Еще одним любимым занятием (как и у Байрона) была стрельба из пистолета в цель — у погреба за банькой. Дни за днями тянулись однообразно.
В Михайловском Пушкин ходил «по-народному» — в красной рубахе, подпоясанной кушаком, и с белой соломенной шляпой на голове. Ногти у него всегда были длинные, бакенбарды можно было принять за бороду. В таком «славянофильском» виде он появлялся на ярмарке у стен Святогорского монастыря, где всегда обращал на себя внимание.
В беловой рукописи уже упомянутой четвертой главы «Евгения Онегина» находится строфа, впоследствии выпущенная при печати:
Носил он русскую рубашку, Платок шелковый кушаком, Армяк татарский нараспашку И шляпу с кровлею, как дом Подвижный. Сим убором чудным Безнравственным и безрассудным, Была весьма огорчена Псковская дама Дурина, А с ней Мизинчиков.

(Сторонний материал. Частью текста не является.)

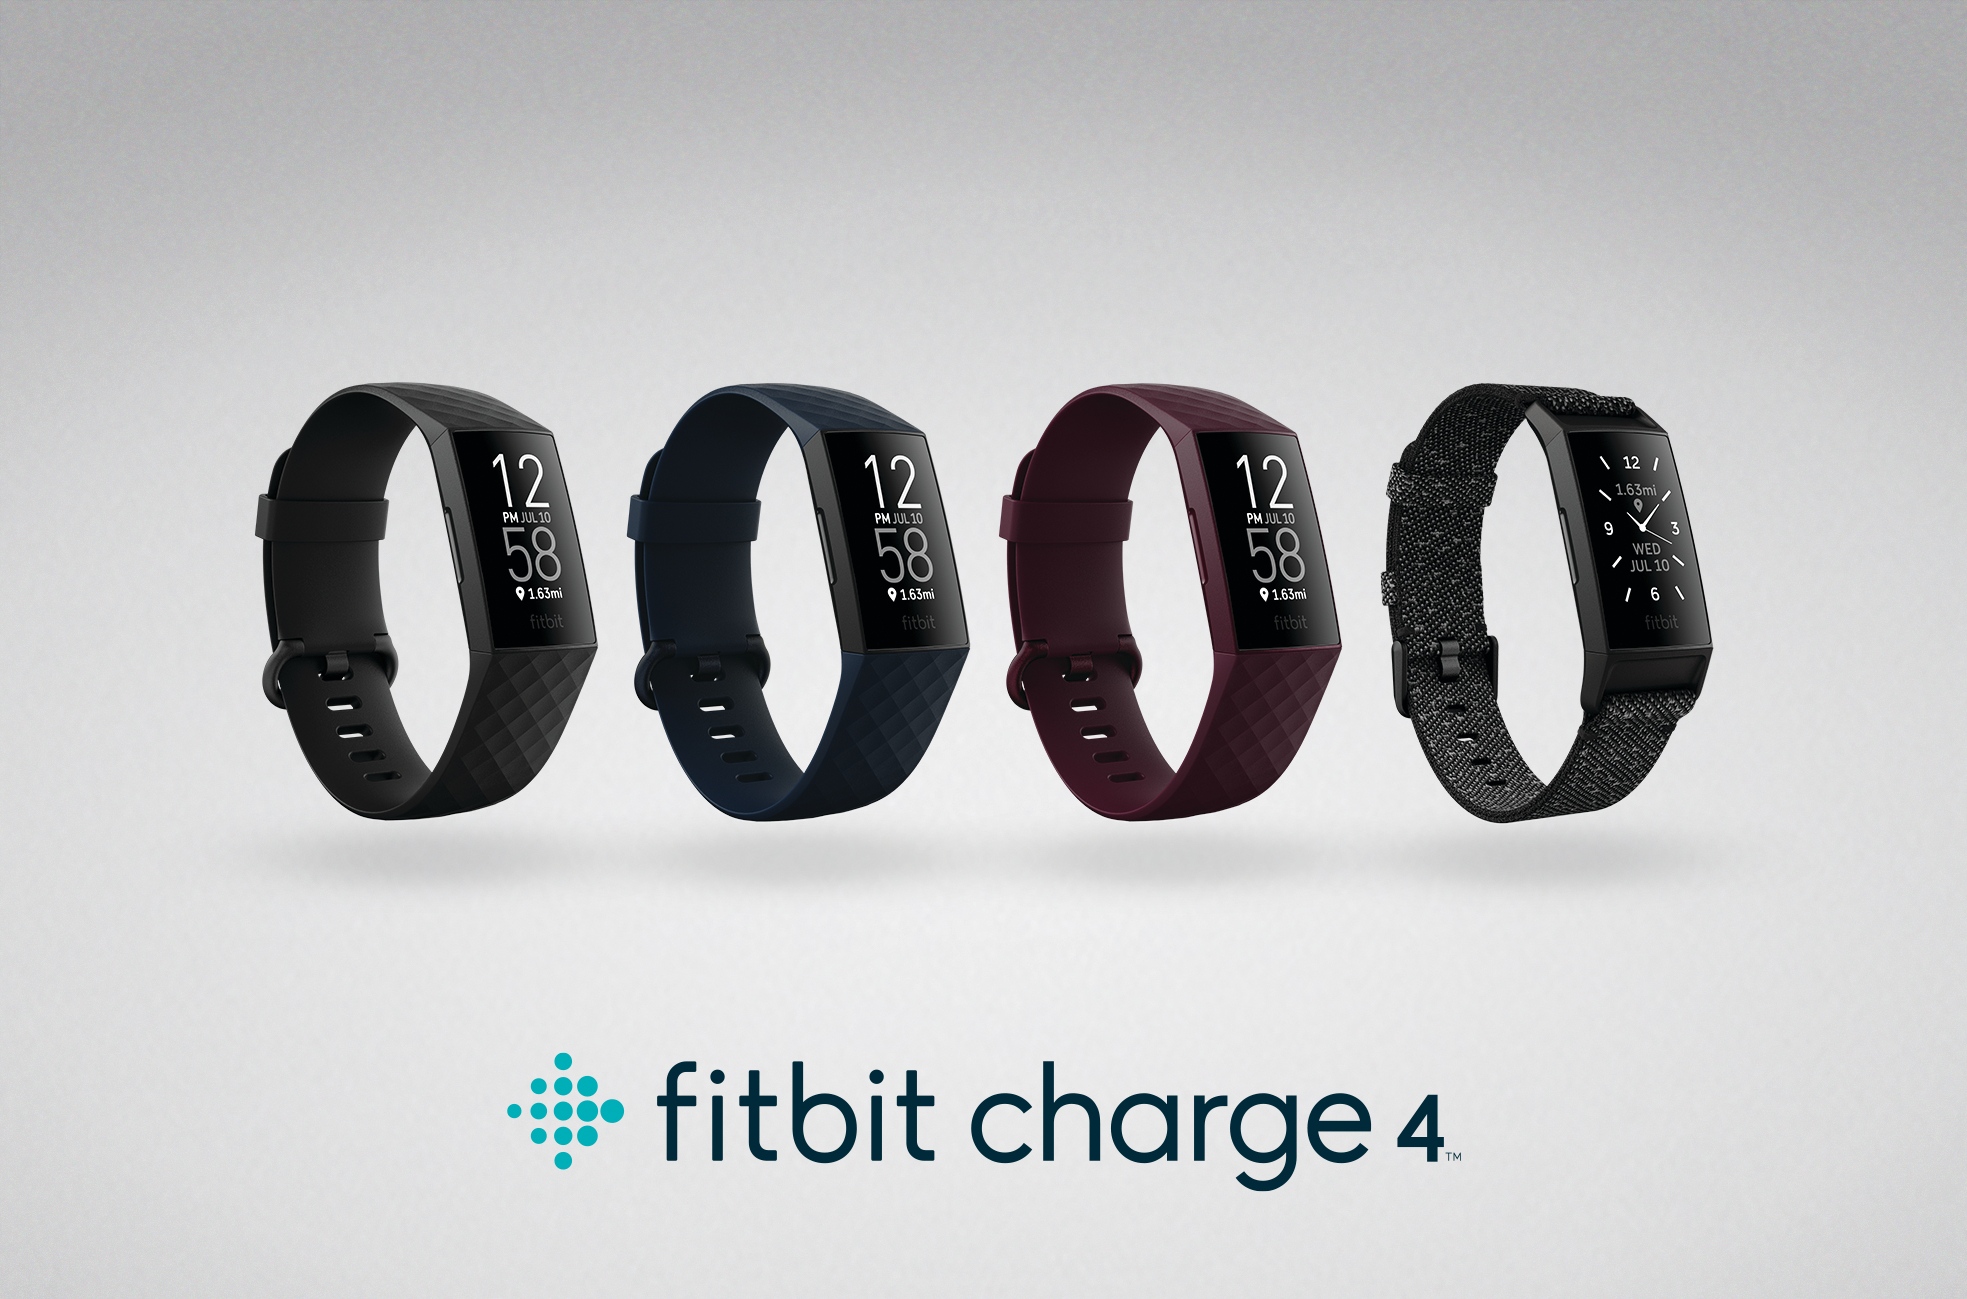 Fitbit 新出的Charge 4 終於內建了GPS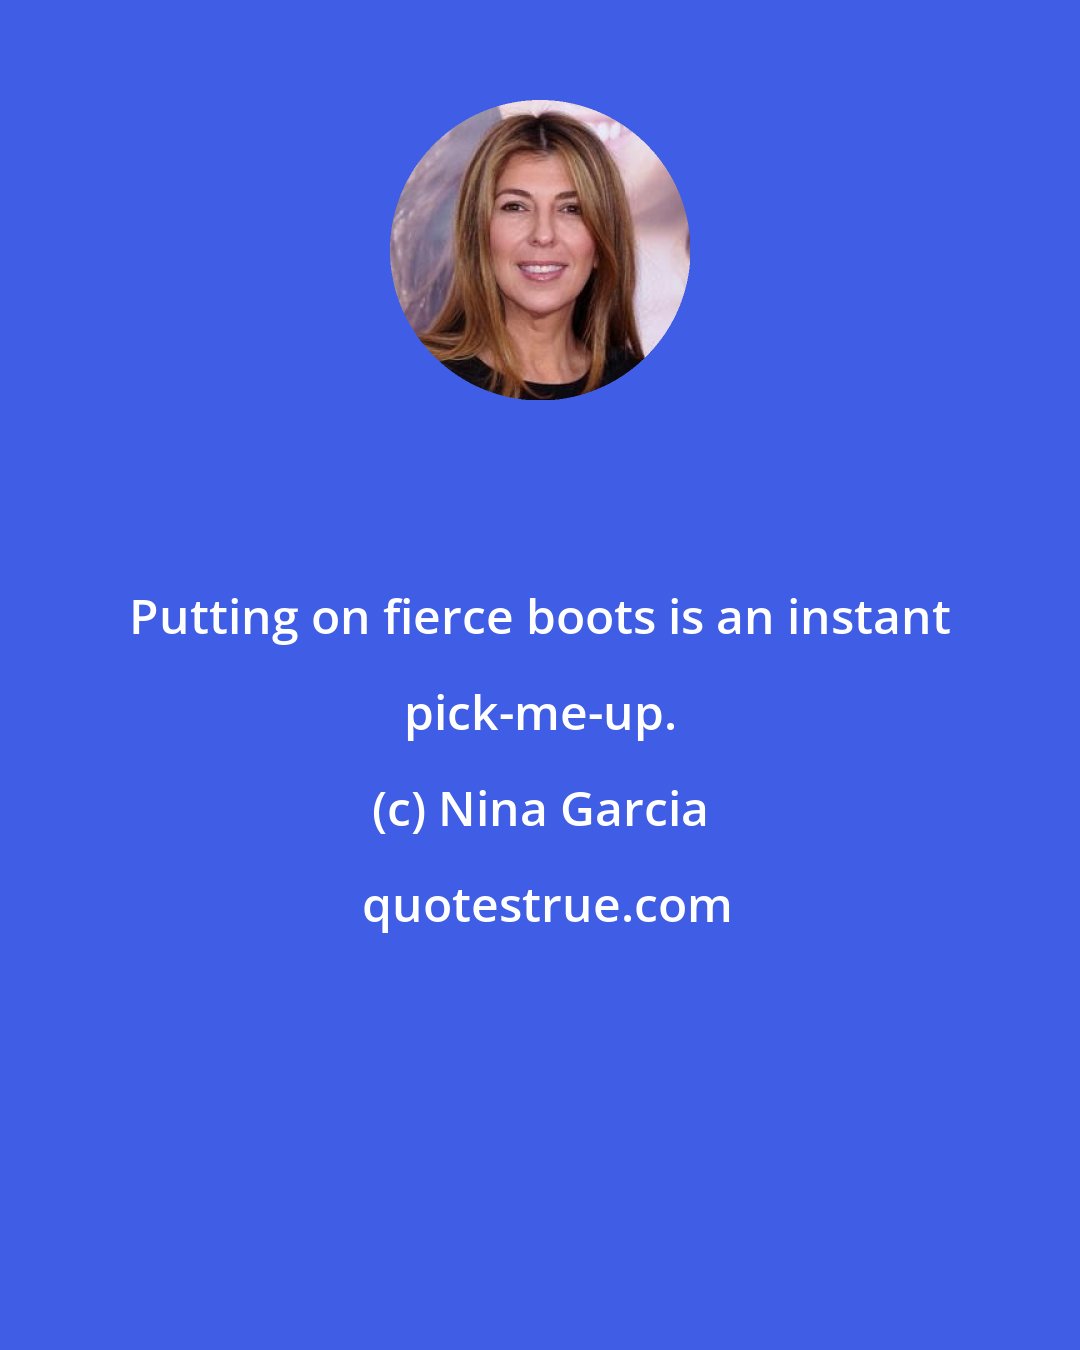 Nina Garcia: Putting on fierce boots is an instant pick-me-up.

Евгений, Быть может, толки презирал, А вероятно их не знал, Но все ж своих обыкновений Не изменил в угоду им, За что был ближним нестерпим.
Хозяйственными заботами Пушкин себя не обременял, передоверив их няне Арине Родионовне и управляющему Михаилу Калашникову. По позднейшим воспоминаниям престарелых дворовых Михайловского он «в свое домашнее хозяйство не входил никогда, как будто это не его дело и не он хозяин… Ему было все равно, где находились его крепостные и дворовые крестьяне — на его работе или у себя в деревне» [12]. Именно тогда старушка няня стала для поэта «доброй подругой бедной юности». Он писал своему одесскому знакомцу Д. М. Шварцу 9 декабря 1824 года: «Уединение мое совершенно — праздность торжественна. Соседей около меня мало, я знаком только с одним семейством и то вижу его довольно редко — целый день верхом — вечером слушаю сказки моей няни, оригинала няни Татьяны… она единственная моя подруга — и с нею только мне не скучно» [13].
Упомянутое единственное семейство, с которым Пушкин поддерживал близкие отношения, были Осиповы-Вульф из соседнего Тригорского. Оно состояло из недавно овдовевшей матери Прасковьи Александровны Осиповой (рожд. Вындомской, в первом браке Вульф) и восьми детей. Сама П. А. Осипова была в отдаленном родстве с матерью поэта; в то время ей было 43 года. Дети от брака с Осиповым были малолетними, и их можно не принимать во внимание. Помимо умной сердечной матери искренними друзьями Пушкина стали Алексей Вульф — студент Дерптского университета — и старшие дочери: Анна и Евпраксия. Они представляли собой противоположные женские типы, подобно Татьяне и Ольге Лариным. Анна была глубокой натурой, способной на самоотверженную любовь; образованная и остроумная, в разговоре она в первое время часто ставила в тупик поэта, также отличавшегося едким языком. Наоборот, Евпраксия была внешне легкомысленна, всегда весела и естественным образом становилась центром общества молодежи; этому способствовало и то, что она была хорошей музыкантшей, разыгрывавшей привезенные Пушкиным ноты Россини, и, кроме того, великолепно готовила жженку. Алексей (кажется, без больших оснований) считал себя прототипом Ленского. Прасковья Александровна чутко понимала душевное состояние Пушкина. В письме Жуковскому она обмолвилась, что Псковская губерния, по сути дела, ничем не лучше Сибири. Не удивительно, что изгнанник вскоре стал проводить в Тригорском все дни.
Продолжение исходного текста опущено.